Problem requirements - Print out the data precisely as it appears here, with no pictures.

Information supplied -
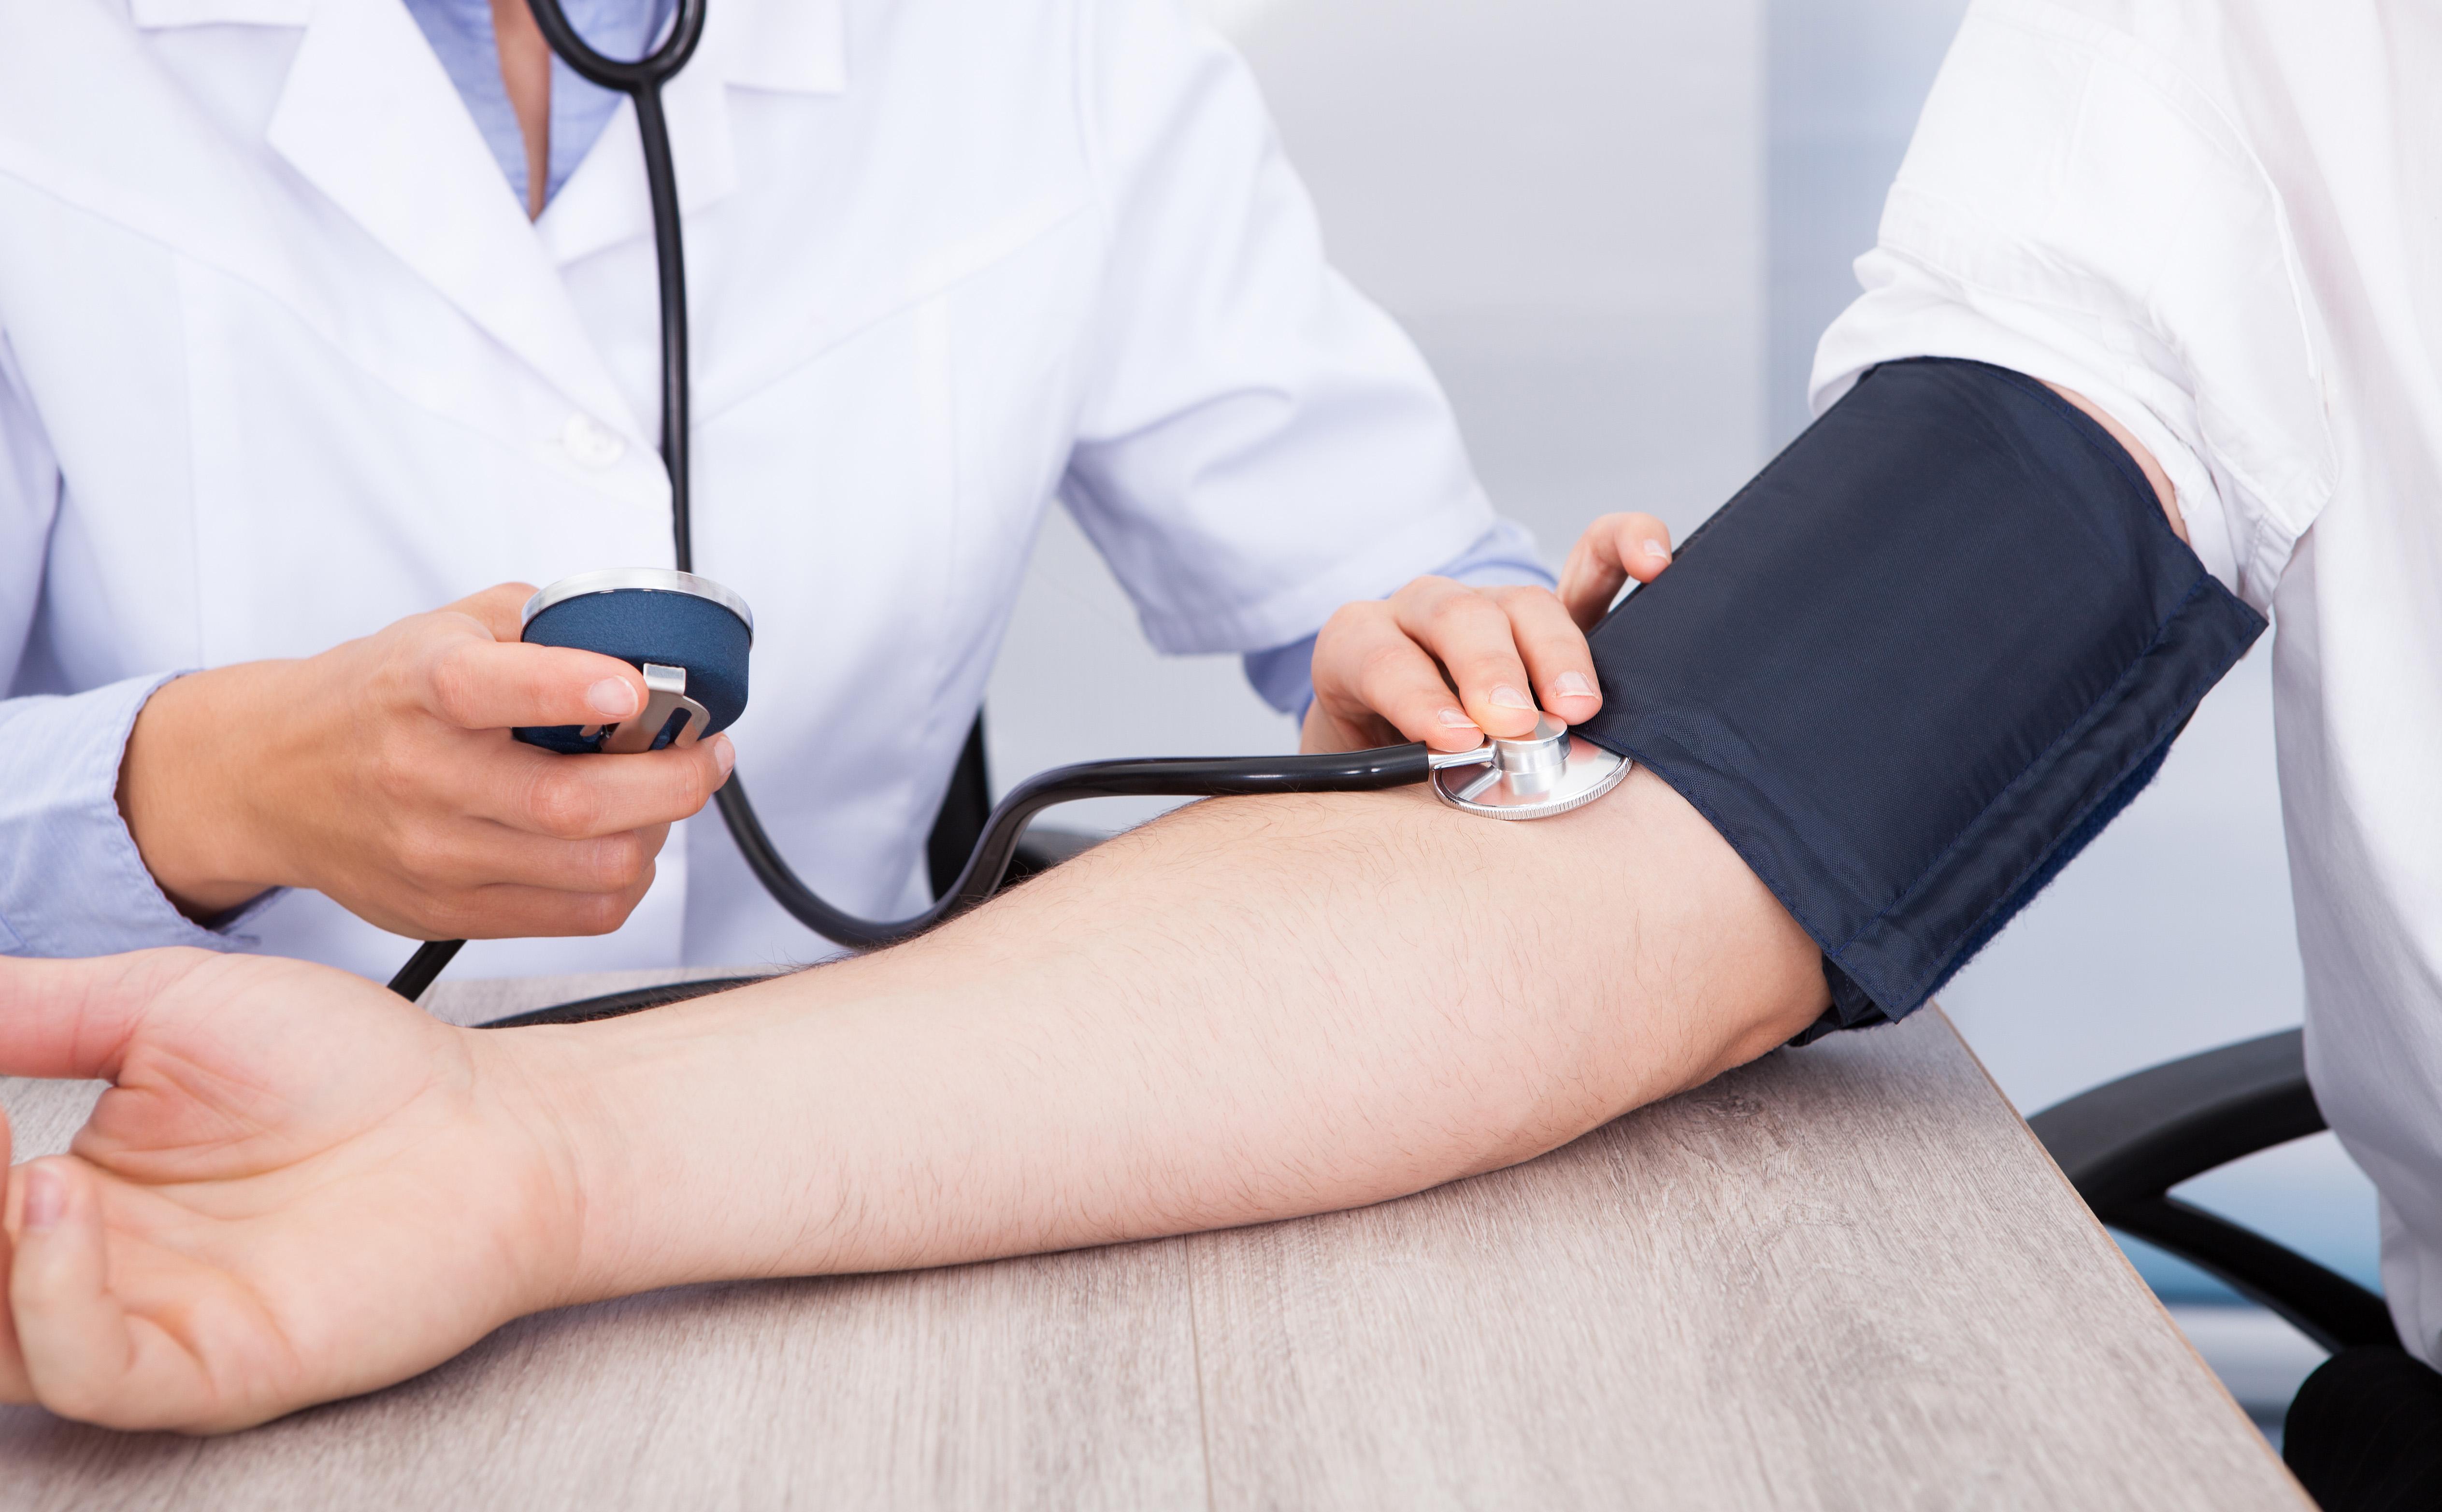 hogyan kell kezelni az örökletes magas vérnyomást
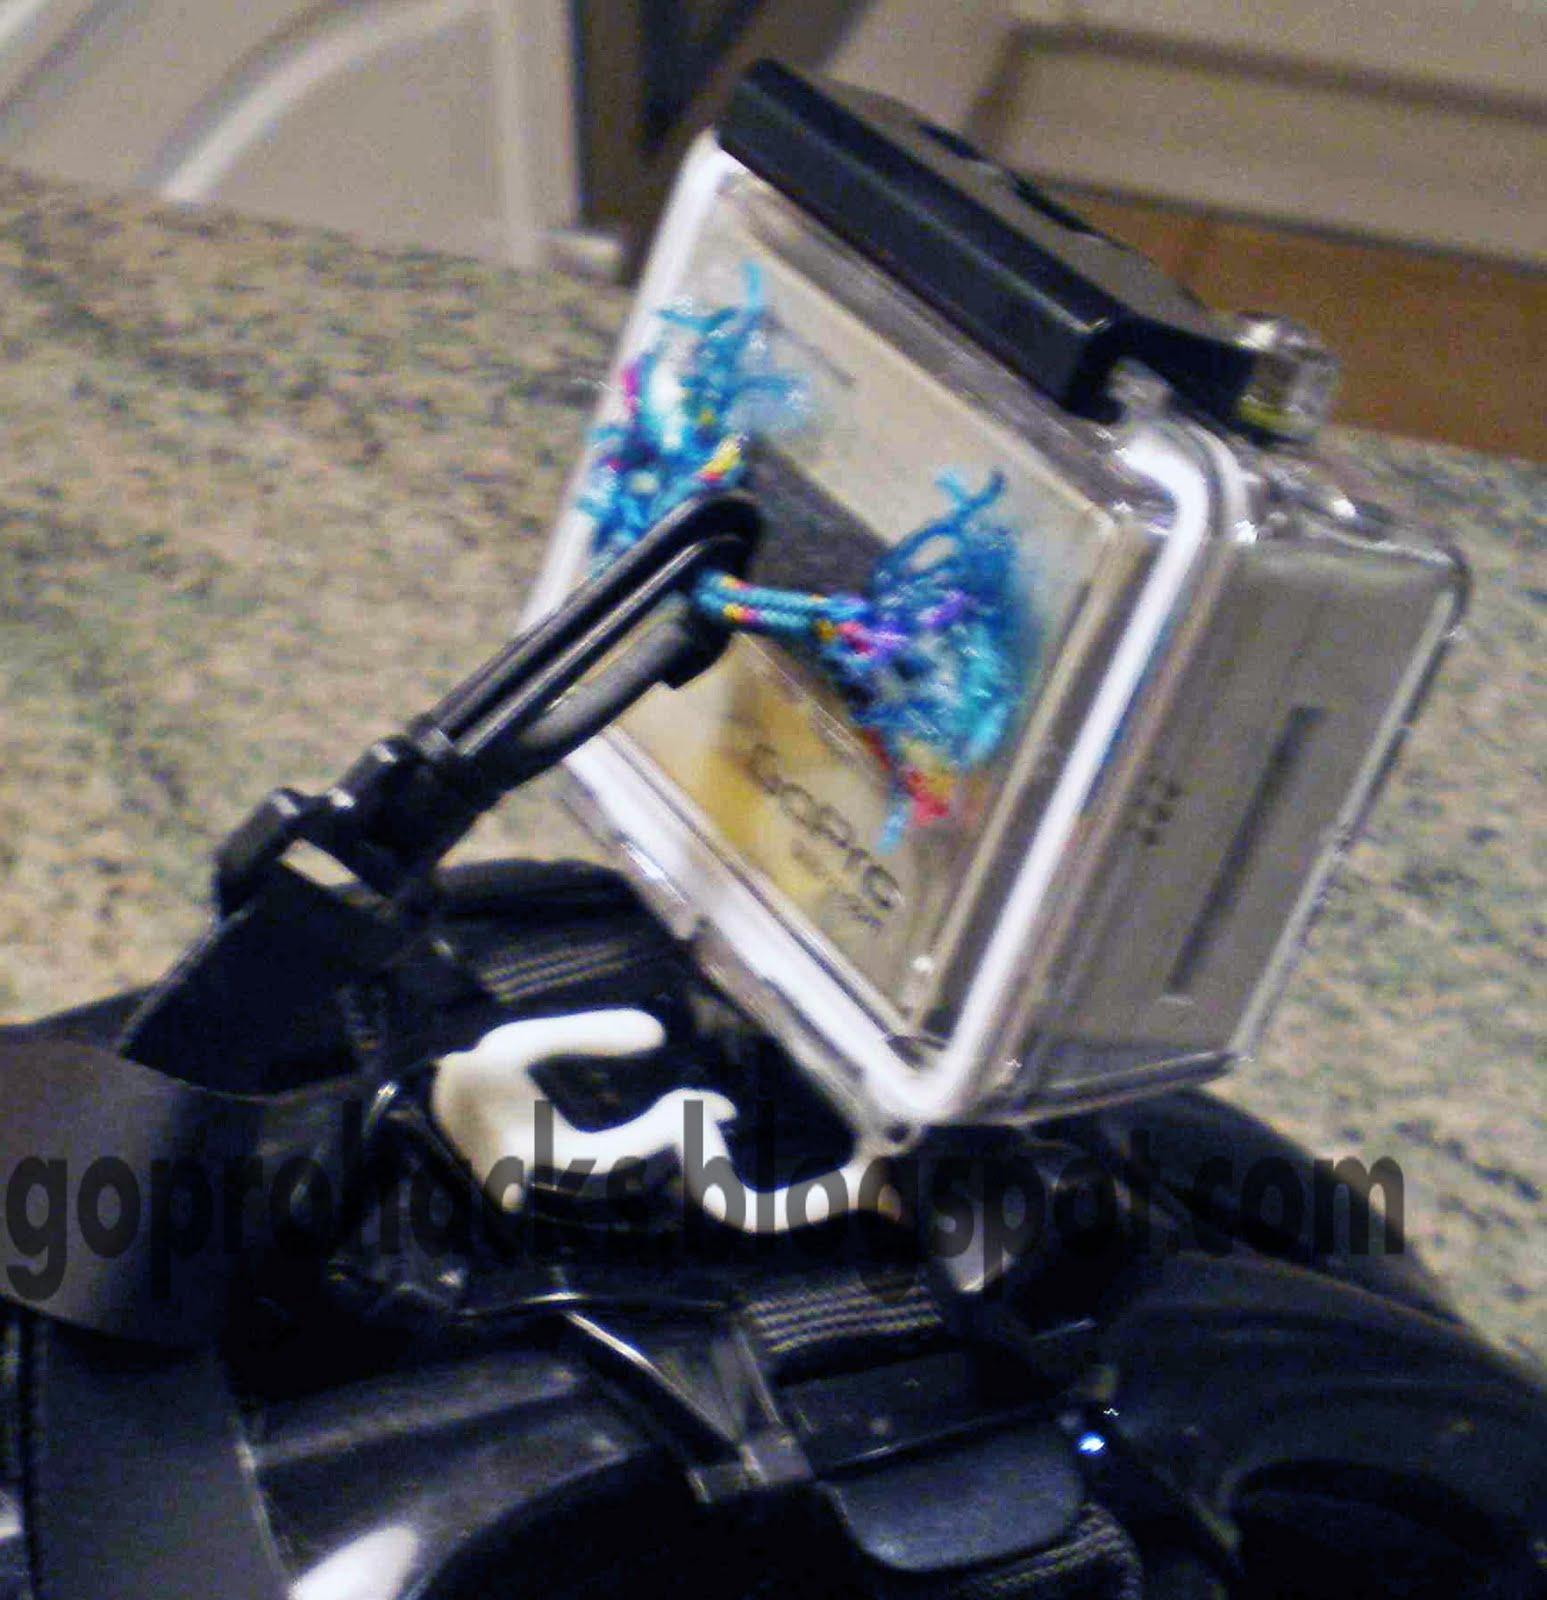 gopro hd cameras hacks et astuces mettre un leash sur le caisson cordon de s curit. Black Bedroom Furniture Sets. Home Design Ideas
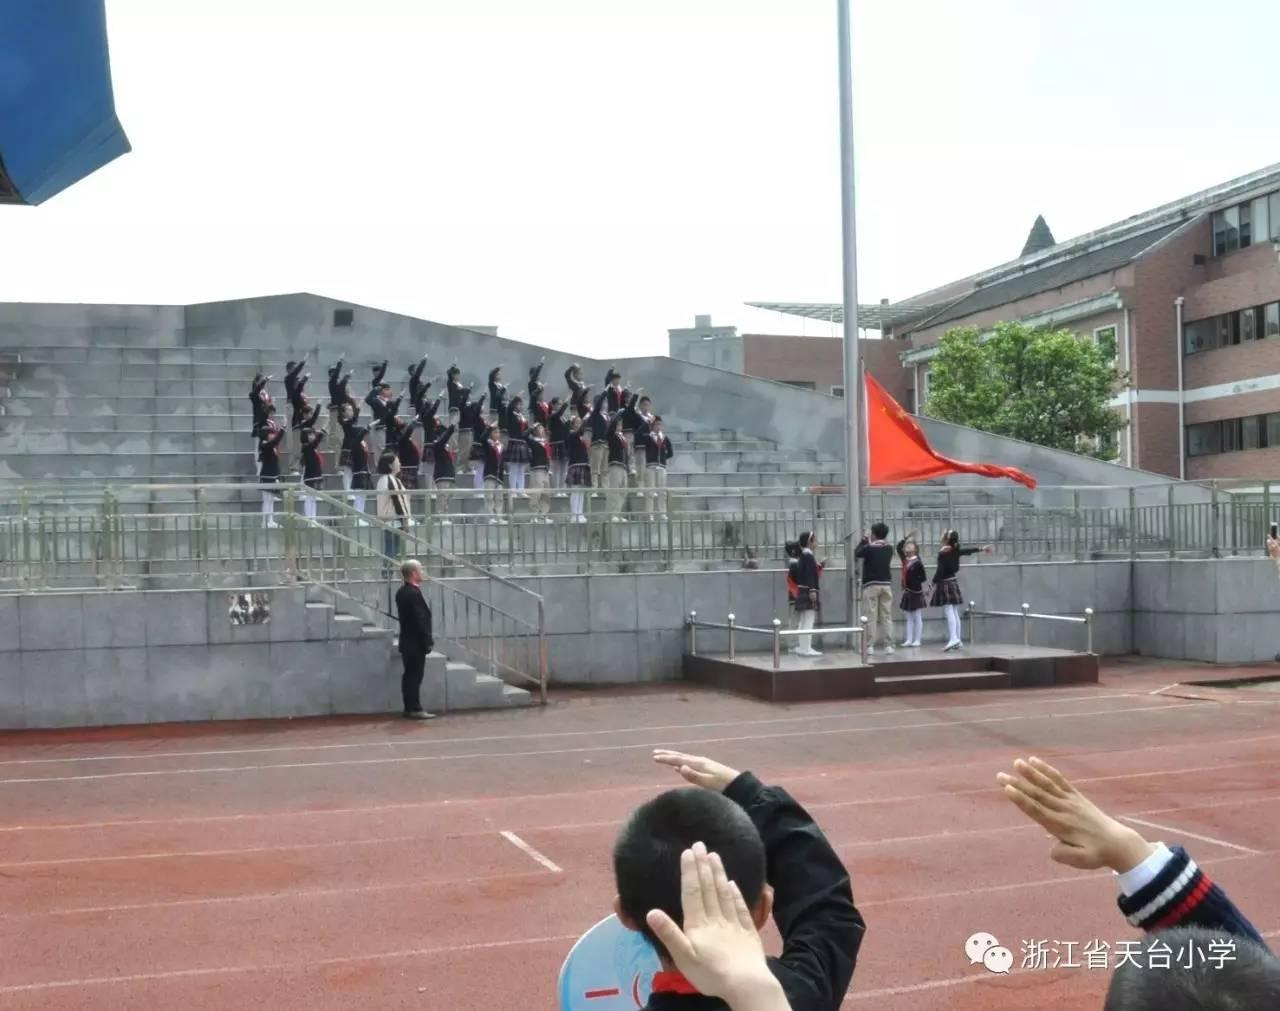 课间十分钟,安全记心中 四 7 中队国旗下微展示活动

Answer section -
 hogyan kell kezelni az örökletes magas vérnyomást
 gopro hd cameras hacks et astuces mettre un leash sur le caisson cordon de s curit. Black Bedroom Furniture Sets. Home Design Ideas
 课间十分钟,安全记心中 四 7 中队国旗下微展示活动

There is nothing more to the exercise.